The authors thank Christian Stilp, Dr. Mark Hedrick, Dr. Marjorie Leek, and an anonymous reviewer for their helpful comments on an earlier version of this manuscript. The authors also thank Amanda Baum, Rebecca Edds, Tricia Nechodom, and Rebecca (“Hallie”) Strauss for their efforts during the data collection process. We also thank Dr. Patricia Stelmachowicz for access to the hearing aid and equipment used to make the recordings shown in Figure 14. This research was supported by a grant to the first author from The National Organization for Hearing Research Foundation (“The 2006 Graymer Foundation Grant in Auditory Science”) and a grant to the second author from the National Institutes of Health, NIDCD (R01DC04072). This manuscript was written while supported by NIDCD grant T32 DC000013 (BTNRH).
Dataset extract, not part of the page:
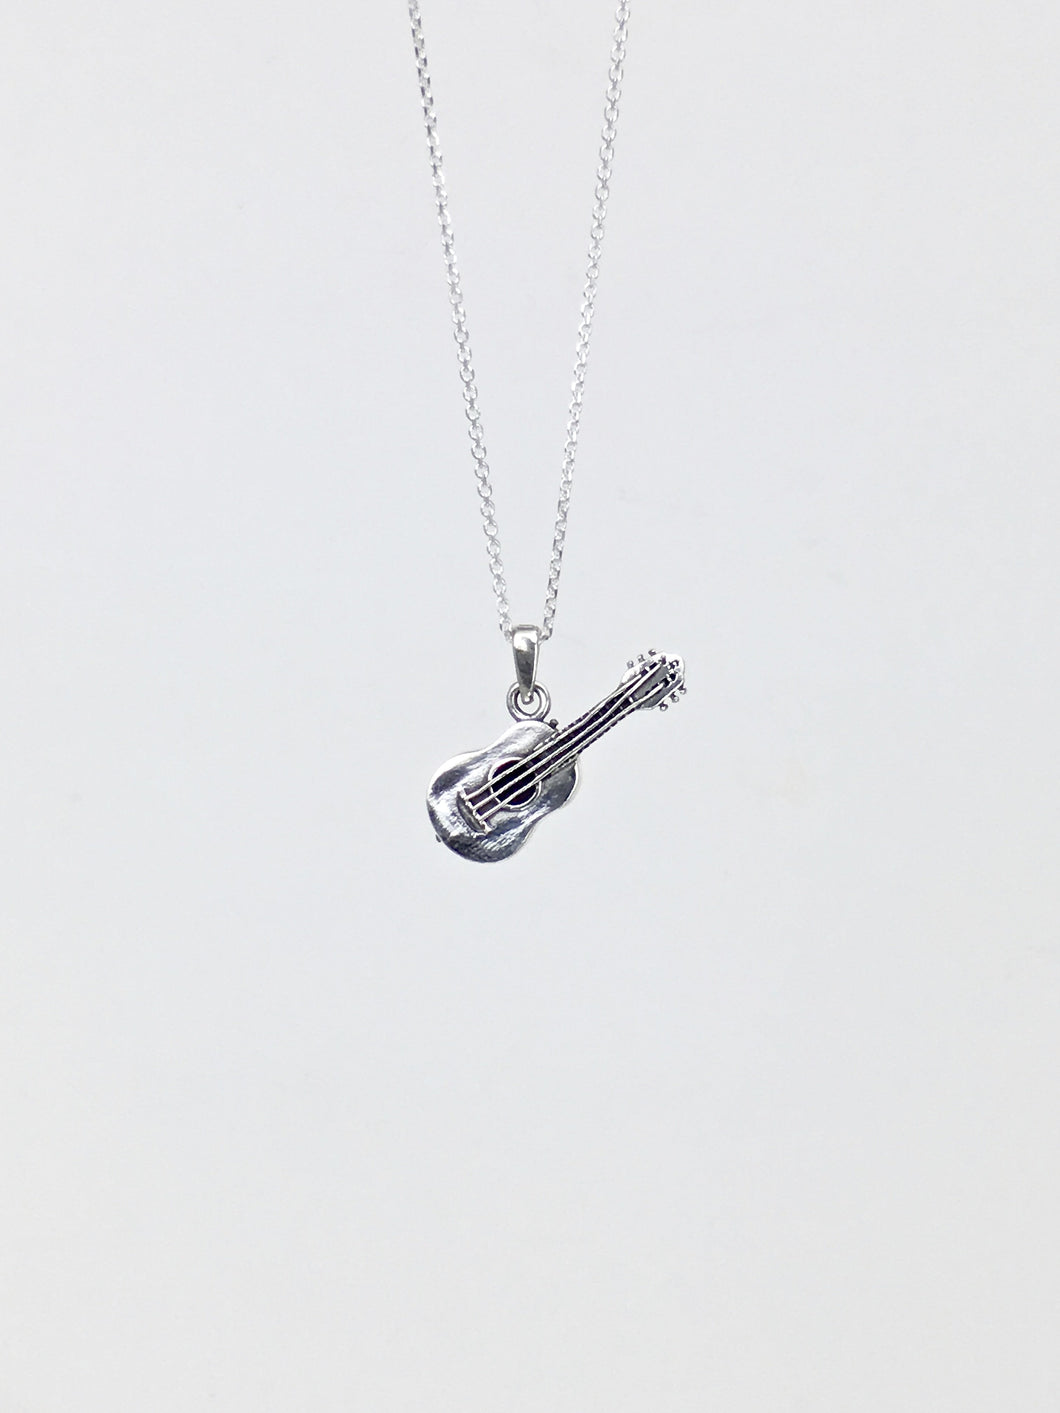 La Guitarrita  sterling silver pendant

1The term “onset” will be used generally to refer the 30-ms period over which F2 and spectral tilt transition from their initial values at the start of the consonant to their final steady state values at the start of the vowel. F2 and tilt manipulations will be nominally identified by their initial values at the start of the onset.
2In Klatt’s synthesizers (1980, Klatt and Klatt, 1990), spectral tilt is increased or decreased by adjusting a single-pole filter such that the broad high-frequency skirt of the filter alters the overall shape of the spectrum.
3One possibility is that because HI listeners participated in all five experiments (generally, in order from Experiment 1 to Experiment 5) that differences in performance could be due to learning effects. There seems to be no evidence for this in the data because there is no systematic trend in F2 and tilt weights going from Experiment 1 to Experiment 5, especially when compared to NH listeners.
4Software version 2.5.41. See http://bootstrap-software.org/psignifit.
5The reason for using linear fits on the pooled data is that logistic fits to the individual data could not be obtained in many cases due to the restricted range of response probabilities at several F2 values, especially near the endpoints.